Но вечером, когда он с трудом взобрался на песчаный холм, дотащился до сикомора и уже собирался упасть под ним, чтобы отдышаться, он увидел парня и девушку, которые "валялись там, как свиньи". Их взгляд вынудил впавшего в отчаяние Левина повернуться и уйти на берег.

Наутро он отправился в банк в Яффо и спросил там работу. Ему повезло. У него был очень красивый почерк, некоторые познания в счетоводстве и приятная, вызывающая доверие улыбка. Его приняли кандидатом в помощники одного из служащих, и уже через год он стал кассиром, носил белый пиджак и соломенную шляпу, его руки залечились и опять стали мягкими и гладкими. Он расхаживал по берегу моря в легких туфлях, слышал по ночам пение еврейских парней и девушек и шепот, доносившийся с песчаного холма, чуял запах горького чая, прихлебываемого из жестянок, и сердце его трепетало.

Но в этот момент, когда удача как раз начала поворачивать к нему свое лицо, вспыхнула, так я понял из его рассказов, одна из войн. Турецкие власти выгнали бабушкиного брата, вместе со всеми остальными жителями, из города.

"Во время войны, - сказал дедушка, - мы раздобыли себе фальшивую васику".

Я записал слово "васика". Я никогда не спрашивал о смысле непонятных слов, потому что объяснения мешают рассказу и запутывают его нити. "Васика", "кулаки", "экспроприация", "оттоманизация" - все эти слова я помню по сей день лишь потому, что не знаю, что они означают. Так же как Левин по сей день не знает, что значит слово "месамсам".
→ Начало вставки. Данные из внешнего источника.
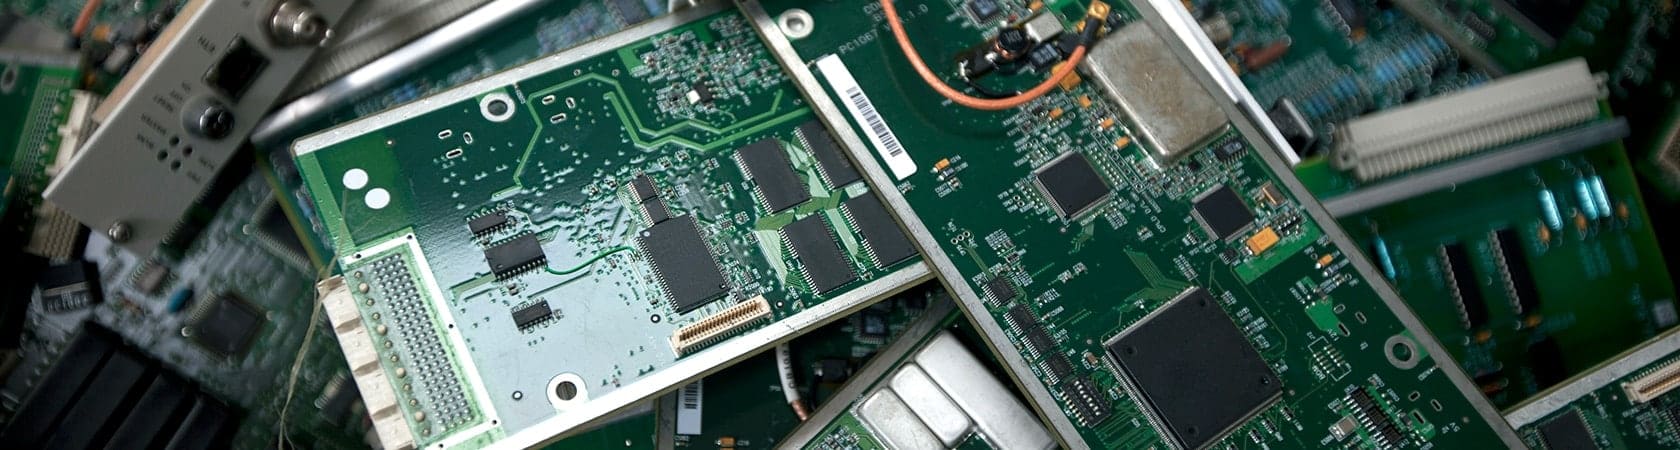 It’s All Connected: E-Waste and Corporate Right to Repair
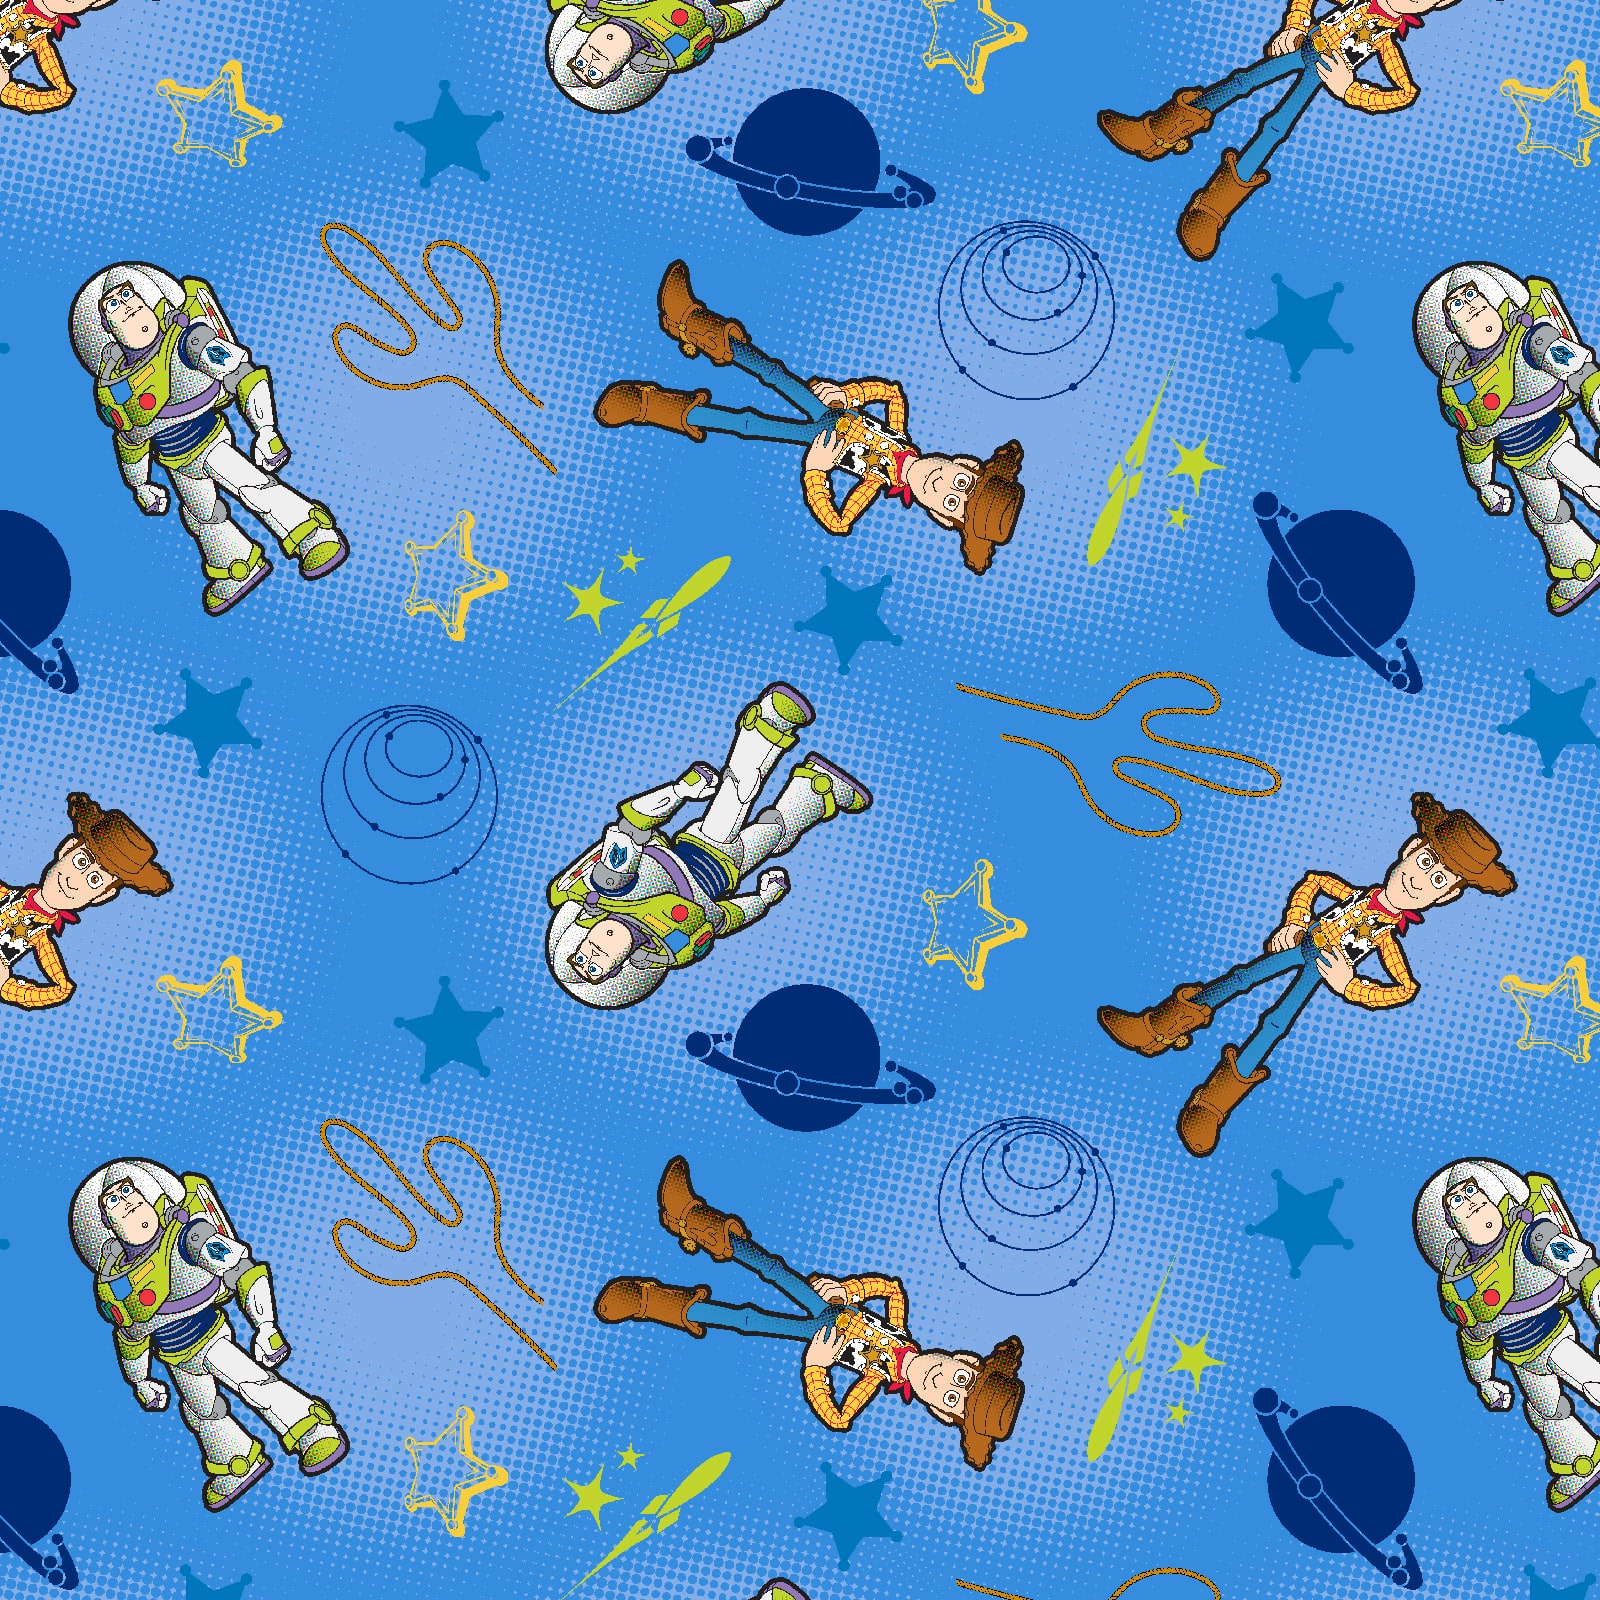 Purchase the Disney Pixar Toy Story Buzz & Woody Blue Cotton Fabric at

"Мы ели одни только маслины да луковицы и чуть не умерли с голоду", - рассказывал мне дедушка.

Каждую осень он собирал и засаливал бочку маслин, и я сидел возле него на бетонной дорожке и смотрел, как он очищает чесночные дольки, и нарезает лимон, и ополаскивает стебли укропа. Приятный запах, белый вперемежку с зеленым, шел от его рук. Рукояткой ножа он легко постукивал по зубчикам чеснока, и чистая белая плоть обнажалась из шелухи одним осторожным нежным движением. Он учил меня заполнять бочку водой и добавлять раствор соли.

"Пойди принеси из курятника свежее яйцо, Малыш, и я покажу тебе что-то интересное".

Он клал яйцо в подсоленную воду, и, когда оно всплывало на половину, больше не поднимаясь и не погружаясь, подвешенное на невидимой нити веры и уверенности, мы знали, что соляной раствор готов для консервирования. Это парящее яйцо казалось мне чудом. Таким же, как привитые фруктовые деревья, которые росли в нашем дворе, как хождение Элиезера Либерзона по водам.

Все время войны Левин провел в лагере беженцев в Петах-Тикве. Эти дни нужды и лишений стерлись из его памяти, а может, он просто не хотел о них говорить. Он помнил только одну ночь - когда стаи саранчи опустились на петах-тиквенские поля и грызли не переставая. Их копошенье было еле слышным, непрестанным и жутким.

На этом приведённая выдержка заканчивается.